Then, you really need to update your security. XP is on SP2 now, and IE is on SP1. These patches cover huge holes in both operating system and browser. I'd suggest for the OS updates that you get a PC mag disc or similar.. If you're on dial up, it takes forever. The IE patches take less time though. Just lick on teh Windows update button, or go url=http://v4.windowsupdate.microsoft.com/en/default.asp]here[/url], click Scan for updates in the main frame, and download and install all CRITICAL updates recommended. (Again, unless you're on broadband, do the OS patches off a disc.

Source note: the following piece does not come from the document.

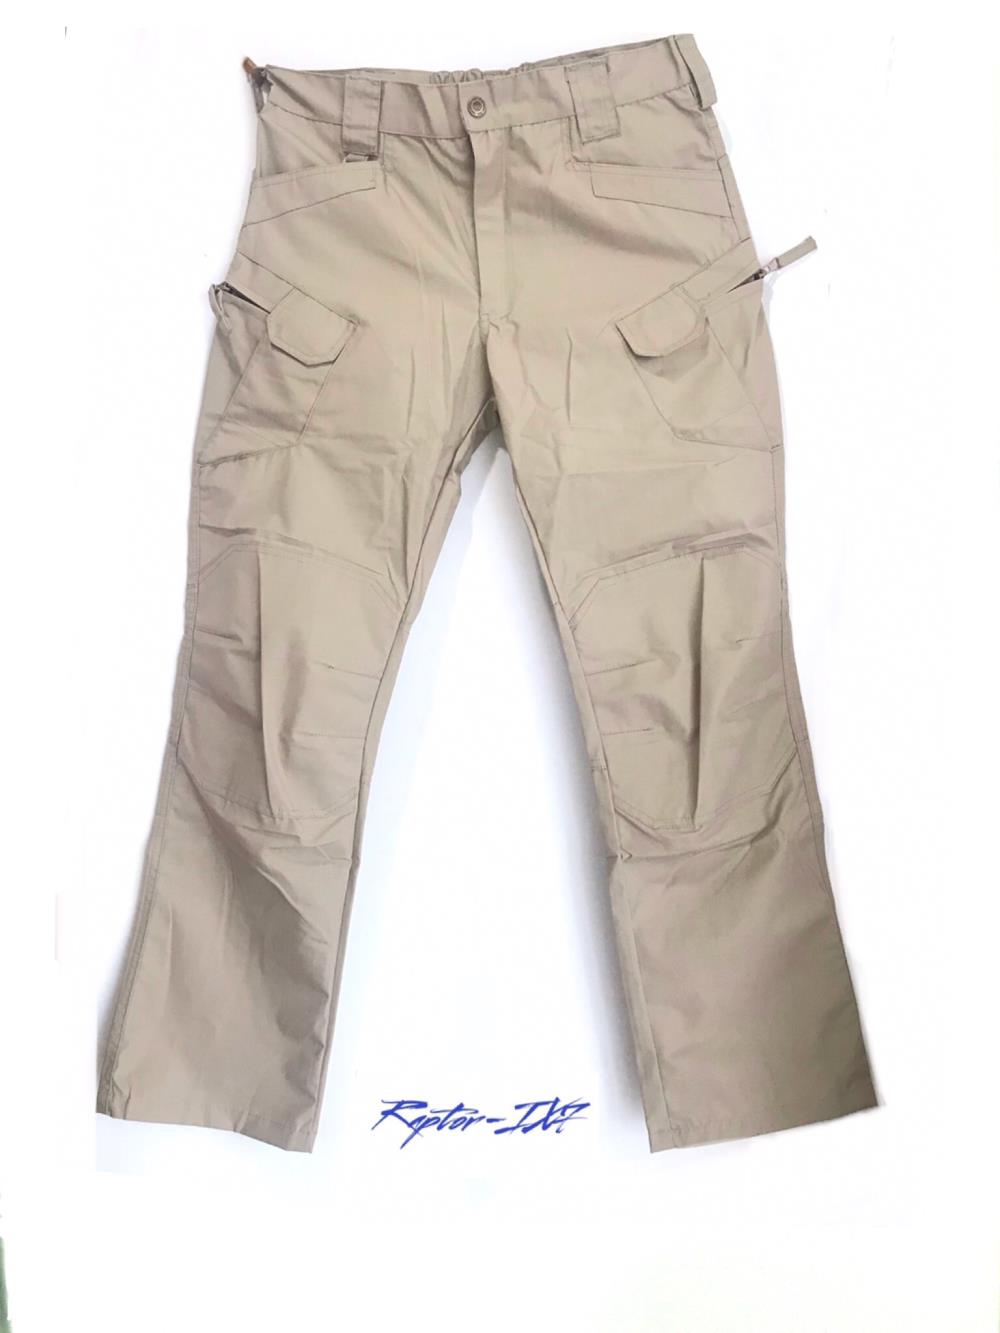 กางเกง TACTICAL ,กางเกง TACTICAL,RAPTOR,Plant and Facility Equipment/Safety Equipment/Protective Clothing

I've just seen that you sent a new PM, so I'll just go and read that, and then I have to pop out for a an hour. I'll check up how you're doing later.

Cheers

Liam

---------------------------------------------------------------------------------
A member of the Alliance of Security Analysis Professionals (http://asap.maddoktor2.com/) since 2004.

Tartan Giant
12th Nov 2004, 19:12
Hello E-Liam,

Many thanks for getting this info to me.

Before I start, I use my ENFISH programme to locate odds and sods from within my PC (it is a superb prog for that), and with the greatest respect I would hesitate to do anything to remove its ability to do that work............ may I double check with you that your instructions will still allow that function to carry on unmolested?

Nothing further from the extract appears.